OS: Win64 PsychoPy version: v2023.2.2 Standard Standalone? (y/n): yes What are you trying to achieve?: I believe I am getting closer to my goal. see my previous post
edited to remove an issue I’ve sorted (see reply below)
I used the np.random.choice on my numpy array equation for calculating the levels to give to the participant (see below). It then crashed when I ran and gave me the type error (see below). I am wondering if anyone knows a way to choose at random 9 items within a ‘block’ created by this equation?
What did you try to make it work?: I tried installing a specific version of numpy via install numpy (1.23.2), I tried using pipe – version or numpy – version. I tried deleting my pre-existing numpy package and replacing it with the 23 version (Psychopy didn’t even open when I did that). I have tried the np.random and other codes. I have tried changing my lope and Excel spreadsheets. I am running out of ideas and seriously need some guidance (even if it is just a link!). I have tried most of the solutions on here for randomization, but sadly, they haven’t worked for my specific project.
What specifically went wrong when you tried that?:
Include pasted full error message if possible.
File “C:\Users\hanna\OneDrive\Documents\University\PhD\Studies\Paradigm\PsychPi\Effort_lastrun.py”, line 4150, in
run(
File “C:\Users\hanna\OneDrive\Documents\University\PhD\Studies\Paradigm\PsychPi\Effort_lastrun.py”, line 456, in run
p1 = itemgetter(np.random.choice(*np.where(np.array(olevels) == base_lev)[0]))(all_ps)
File “mtrand.pyx”, line 825, in numpy.random.mtrand.RandomState.choice
TypeError: choice() takes at most 4 positional arguments (9 given)
2783.8571 WARNING Exception caught: C++ assertion “m_buffer && m_buffer->IsOk()” failed at …..\src\common\dcbufcmn.cpp(134) in wxBufferedDC::UnMask(): invalid backing store
################ Experiment ended with exit code 1 [pid:22036] #################
(btw, I inherited this and have tried to change it to our new goal, I am a PhD student, and any help is much appreciated).
Well, good news. @JensBoelte post helped me with the numpy part of my problems. Yet, I still need a different way to choose nine items at random as the rp.random.choice is still throwing the same error message, sadly.
Currently, I am getting a lot of errors since I am using package 24 of numpy, which is over the limit??, as this may be what is causing the problem instead??

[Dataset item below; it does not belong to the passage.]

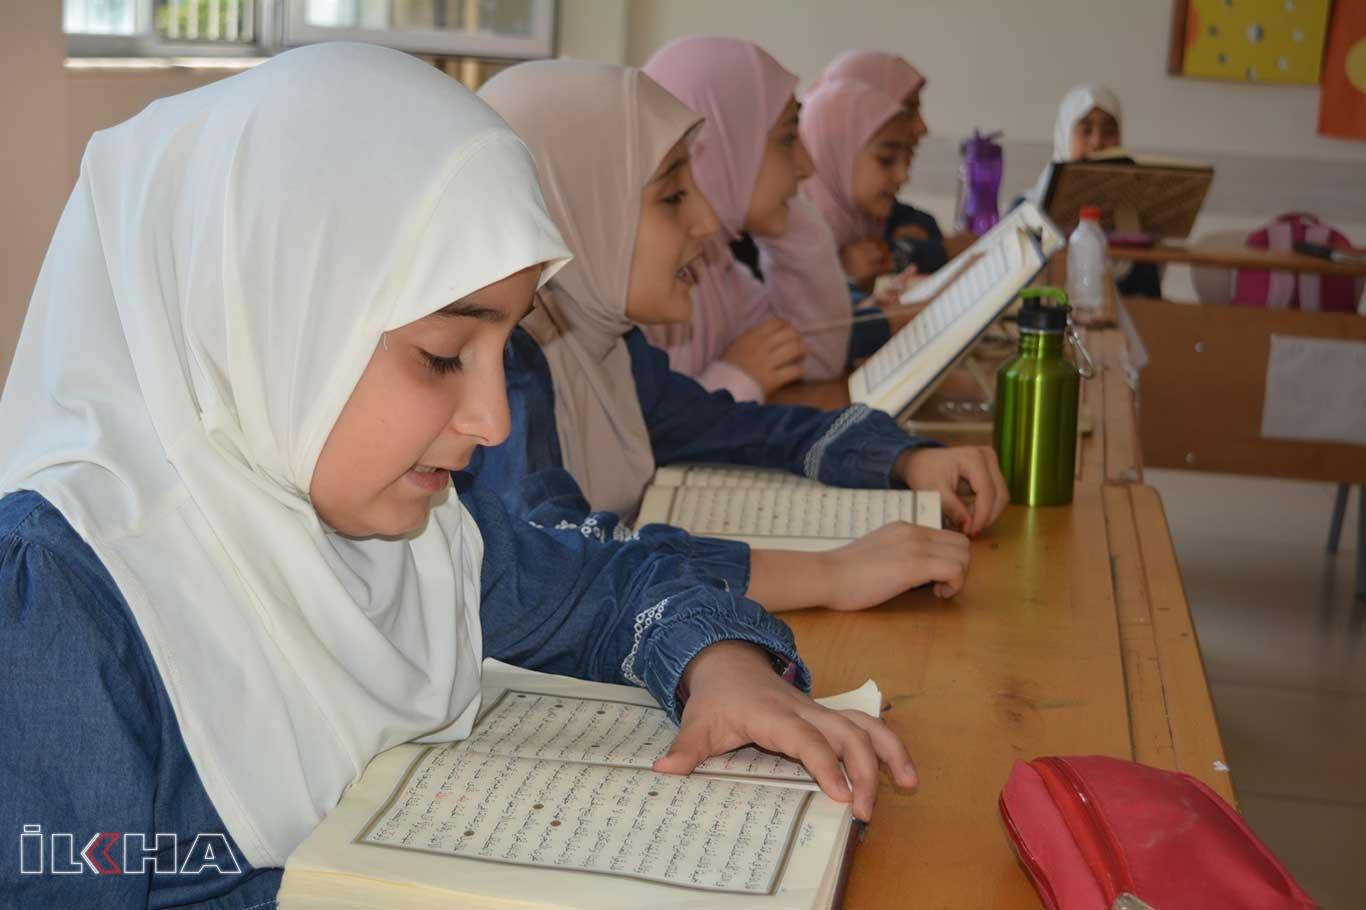 İmam hatipli öğrenciler Kuran hafızlığı için ter döküyor.

C:\Program Files\PsychoPy\lib\site-packages\scipy_init_.py:146: UserWarning: A NumPy version >=1.16.5 and <1.23.0 is required for this version of SciPy (detected version 1.24.4
pygame 2.1.0 (SDL 2.0.16, Python 3.8.10)
warnings.warn(f"A NumPy version >={np_minversion} and <{np_maxversion}"
Traceback (most recent call last):
File “C:\Program Files\PsychoPy\lib\site-packages\wx\core.py”, line 3407, in
lambda event: event.callable(*event.args, **event.kw) )
File “C:\Program Files\PsychoPy\lib\site-packages\psychopy\app\runner\scriptProcess.py”, line 273, in _onErrorCallback
self._onInputCallback(streamBytes)
File “C:\Program Files\PsychoPy\lib\site-packages\psychopy\app\runner\scriptProcess.py”, line 256, in _onInputCallback
self._writeOutput(streamBytes)
File “C:\Program Files\PsychoPy\lib\site-packages\psychopy\app\runner\scriptProcess.py”, line 234, in _writeOutput
stdOut.write(text)
File “C:\Program Files\PsychoPy\lib\site-packages\psychopy\app\console.py”, line 113, in write
self.broadcast(text=text)
File “C:\Program Files\PsychoPy\lib\site-packages\psychopy\app\console.py”, line 135, in broadcast
runner.stdOut.write(text)
File “C:\Program Files\PsychoPy\lib\site-packages\psychopy\app\stdout\stdOutRich.py”, line 385, in write
self.WriteText(thisLine)
wx._core.wxAssertionError: C++ assertion “wxWindow::FindFocus() == GetWindow()” failed at …..\src\msw\caret.cpp(160) in wxCaret::DoMove(): how did we lose focus?
Hi everyone! I solved it. If anyone else wants to randomise but wants certain 'constraints. This line of code uses NumPy to select elements from the all_ps list based on a condition (In this case, the condition is that the elements of the olevels list are equal to base_lev). The numpy.where function is used to return a tuple of arrays, one for each dimension of the input array, that indicate the indices where the specified condition is true.
The * operator is used to unpack the tuple returned by numpy.where into separate arguments for the itemgetter function. The itemgetter function then returns a callable object that can be used to retrieve the specified elements from the all_ps list.p1.